Mark-Compact Bump allocation + trace + compact Evacuate ` Semi-Space Bump allocation + trace + evacuate Sweep-to-Region Mark-Region Bump allocation + trace + sweep-to-region 31 Immix Efficient Mark-Region Collection

Good Good locality locality Simple, Simple, very very fast fast collection collection Space Space

efficient efficient Excellent Excellent performance performance Actual data, taken from geomean of DaCapo, jvm98, and jbb2000 on 2.4GHz Core 2 Duo 32 Open Source Code available in JikesRVM 2.9.3 onward. http://www.jikesrvm.org Complete data available at:

http://cs.anu.edu.au/~Steve.Blackburn/pubs 33 Research History PLDI 1998 Clinger & Hanson postulated the radioactive decay model for object lifetimes Genesis of Older-First [Stefanovic, McKinley, Moss OOPSLA99] 34 Garbage Collection Hypotheses Generational hypothesis: younger objects die quickly, so collect them first Older-first hypothesis: the collector can

collect less the longer it waits Age ordered heap Survival function s(v) for object lifetime distribution s(v) younger 0 older 1/2V V 35

Older-first Algorithm 36 Next Steps Beltway [BJMM PLDI02] 0 1 3 4 5

6 7 8 9 10 33 34 35 36 37

38 39 40 Increments Belts Combines generational and older-first Ulterior Reference Counting [BM OOPSLA03] Reference count on-per-object basis Responsiveness and throughput MMTk: [BCM SIGMETRICS04 ICSE04] Toolkit for building & understanding GC Motivated todays work 37

Garbage Collection is the Answer to All Your Problems Improves data and code locality [Huang et al.
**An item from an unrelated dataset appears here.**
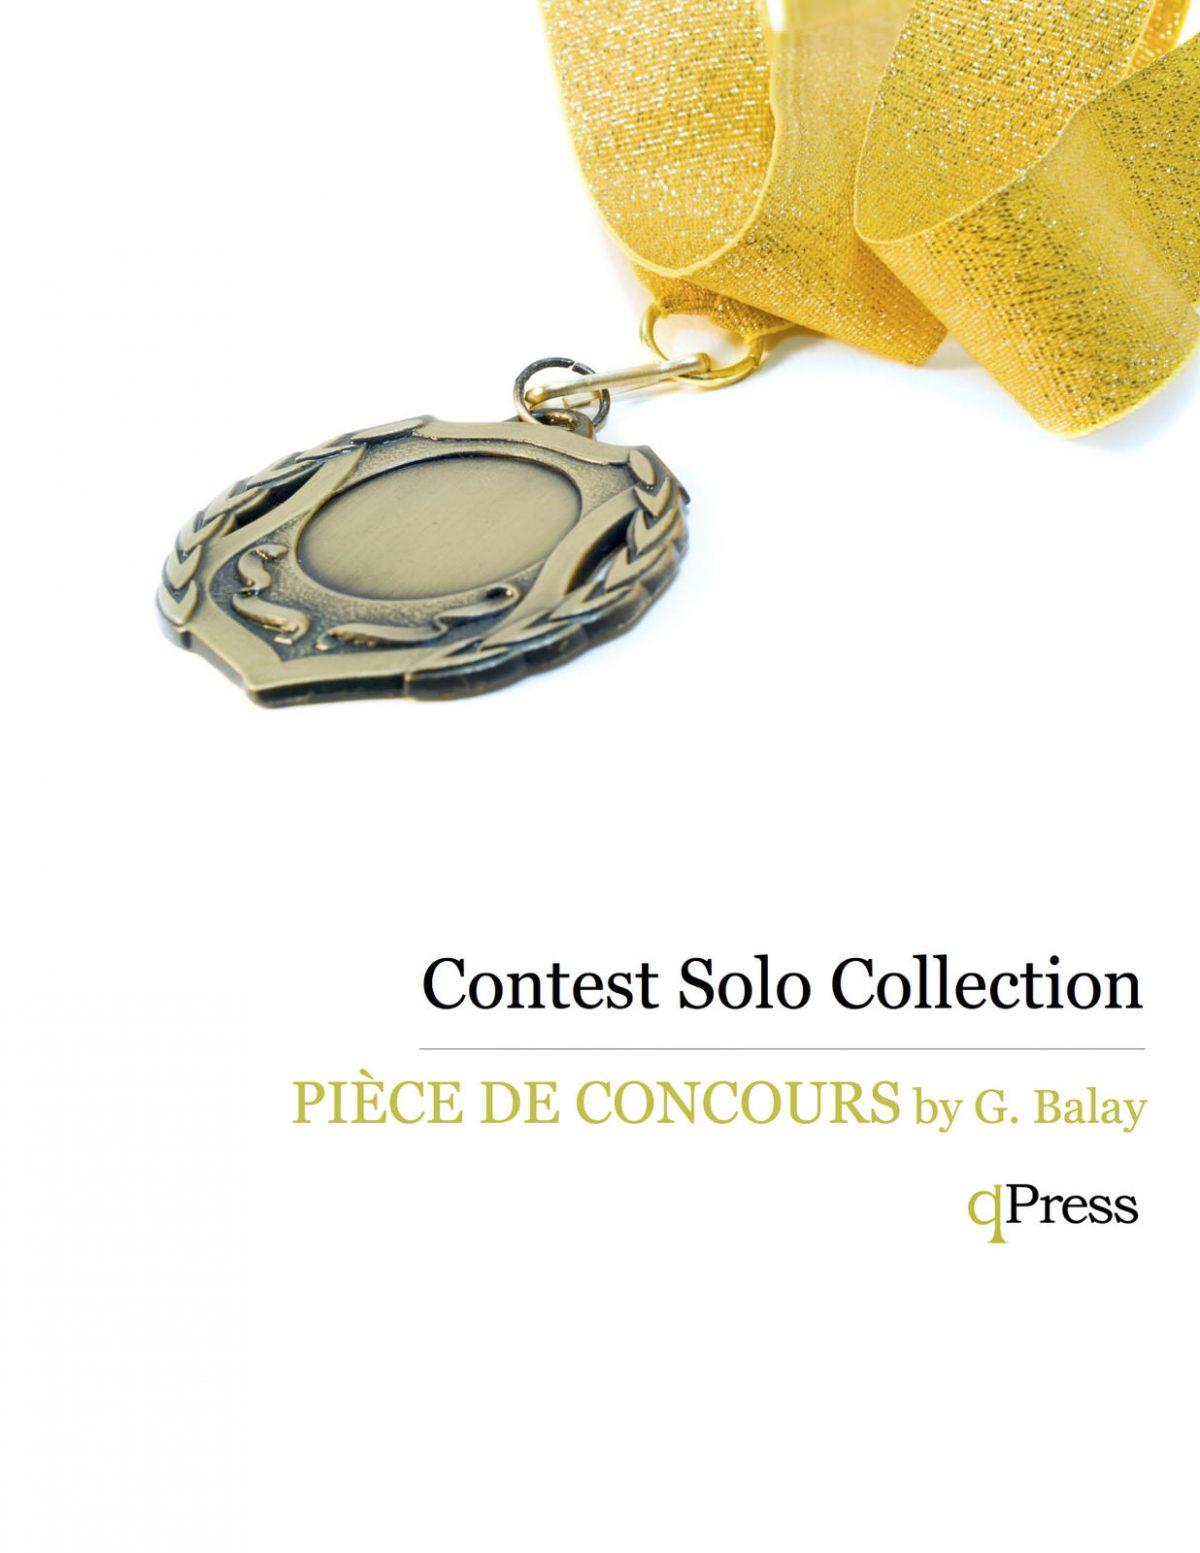 Balay, Piece de Concours
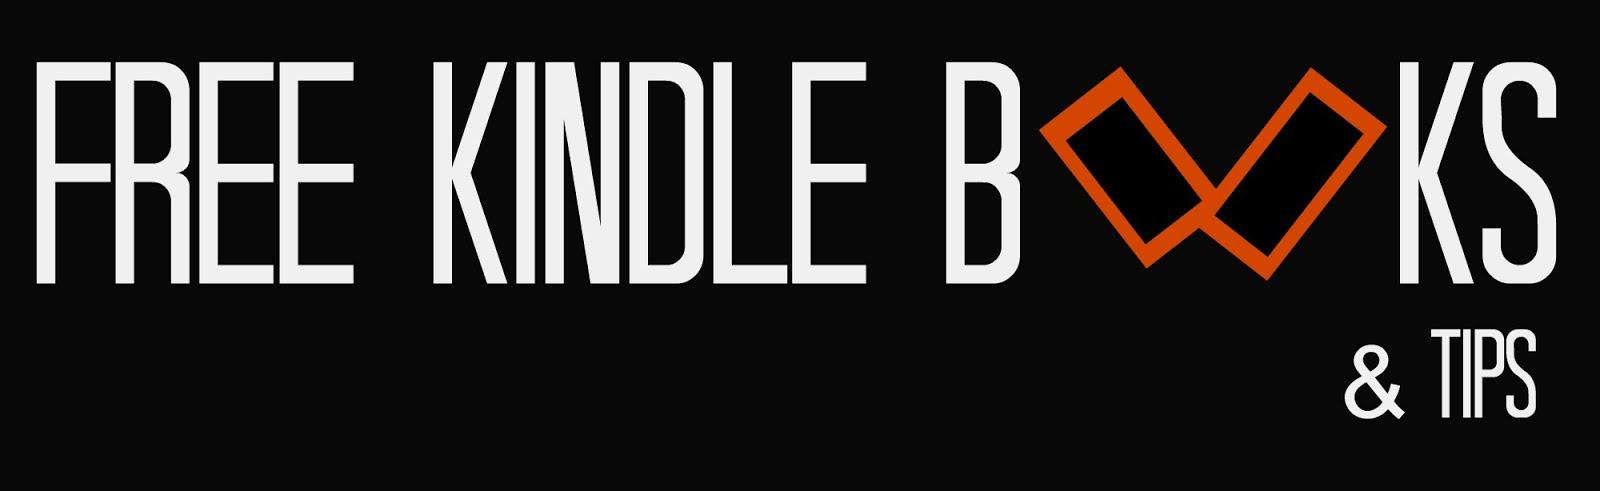 Free Kindle Books & Tips

OOPSLA02 ISMM04, VEE04] Cooperative GC optimizations Colocation [Guyer OOPSLA05] Free-me [Guyer et al. PLDI06] Finds leaks [Bond ASPLOS06, Jump POPL07] Tolerates leaks [Bond OOSLA08] Helps with dynamic software updating! [Subramaniam, Hicks ??08]

DaCapo Benchmarks [Blackburn et al. OOPSLA06 CACM08] 38 380C Where are we & where we are going Why you need to care about workloads Managed languages Dynamic compilation Inlining Garbage collection Opportunity to improve data locality on-the-fly Read: X. Huang, S. M. Blackburn, K. S. McKinley, J. E. B. Moss, Z. Wang, and P. Cheng, The Garbage Collection Advantage: Improving Program Locality, ACM Conference on Object Oriented Programming, Systems, Languages, and Applications (OOPSLA), pp. 69-80, Vancouver, Canada, October 2004.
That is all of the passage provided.